Large tumor suppressor gene 1 (LATS1) is coimmunoprecipitated with forkhead L2 (FOXL2). Mammalian Chinese hamster ovary (CHO) cells were transfected with an empty expression vector (−) or FLAG-FOXL2 expression construct (+). Twenty-four hours after transfection, the cells were lysed, and the lysates were immunoprecipitated with a control mouse IgG or an antibody to FLAG. The lysates (Lysate) and immunoprecipitates (IP) were analyzed by immunoblotting with FOXL2 and LATS1 antibodies. When the empty pFLAG-CMV-2 vector was used as a template, FOXL2 was not synthesized (Lysate, −), but when the pFLAG-CMV-2-FOXL2 construct was used as a template, FOXL2 was synthesized (Lysate, +). Some endogenous LATS1 expression was also detected in the lysates prior to immunoprecipitation. When these lysates were immunoprecipitated with mouse IgG, a faint band was obtained for FLAG-FOXL2 in immunoprecipitates from cells expressing FLAG-FOXL2, and no band was obtained for LATS1 (IP:mouse IgG). When the lysates were immunoprecipitated with an antibody to FLAG, endogenous LATS1 was coimmunoprecipitated in cells expressing FLAG-FOXL2 (IP:FLAG, +) but not in cells expressing the empty expression vector (IP:FLAG, −).
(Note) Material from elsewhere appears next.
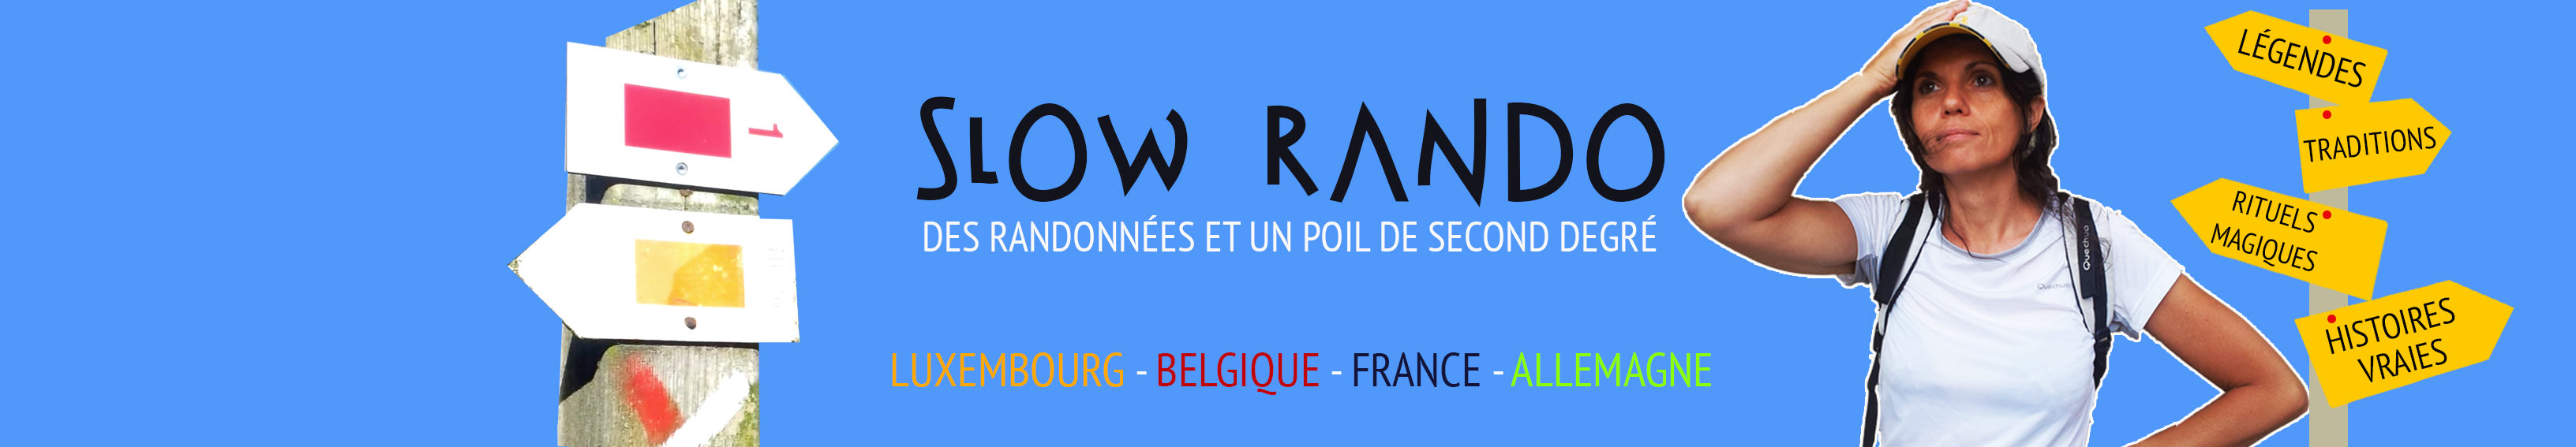 Slow Rando

FOXL2 is phosphorylated in CHO cells.

To test whether FOXL2 is phosphorylated in mammalian cells, we transfected CHO cells (which do not express endogenous FOXL2) with the pcDNA3-FOXL2 expression construct or with an empty pcDNA3 expression vector, lysed the cells under various conditions, and analyzed the resulting proteins by immunoblotting with the FOXL2 antibody (Fig. 2A). When FOXL2-transfected cells were lysed in the presence of a phosphatase inhibitor (PI) to eliminate phosphatase activity, two bands were detected (Fig. 2A). The lower band was the same size as the FOXL2 band detected previously (41), and the larger band was presumed to be phosphorylated FOXL2. To confirm that this larger band was in fact phosphorylated FOXL2, FOXL2-transfected cell lysates were treated with AP to remove phosphogroups. After phosphatase treatment, the larger FOXL2 band was eliminated (AP; Fig. 2A). When the cell lysates were treated with both AP and PI, the larger band was preserved (AP + PI; Fig. 2A).

Fig. 2.

FOXL2 is phosphorylated in vitro. A: mammalian CHO cells, which do not express endogenous FOXL2, were transfected with the pcDNA3-FOXL2 expression construct (+) or with an empty pcDNA3 expression vector (−). Twenty-four hours after transfection, the cells were lysed and treated with phosphatase inhibitor alone (PI), alkaline phosphatase alone (AP), or AP and PI (AP + PI). The proteins were then analyzed by immunoblotting (IB). Two FOXL2 bands are seen in lysates treated with phosphatase inhibitor (PI), the lower of which corresponds in size to FOXL2 (41). The upper band was eliminated in lysates treated with AP but was preserved in lysates treated with AP + PI. B: CHO cells were transfected with pFLAG-FOXL2 expression construct (+) or an empty expression vector (−). Twenty-four hours after transfection, the cells were lysed and the resulting proteins immunoprecipitated with FLAG or mouse IgG (control) antibodies and analyzed by IB with FOXL2 and phosphoserine antibodies. Two FOXL2 bands were visualized using the FOXL2 antibody in the FLAG immunoprecipitates but not in the mouse IgG precipitates, the larger of which was also detected by the phosphoserine antibody (pSerine-FOXL2). C: lysates treated with AP in A were immunoblotted with the FOXL2 and phosphoserine antibodies. A single FOXL2 band was seen in the FLAG immunoprecipitates but not in the mouse IgG precipitates. No bands were detected using the phosphoserine antibody.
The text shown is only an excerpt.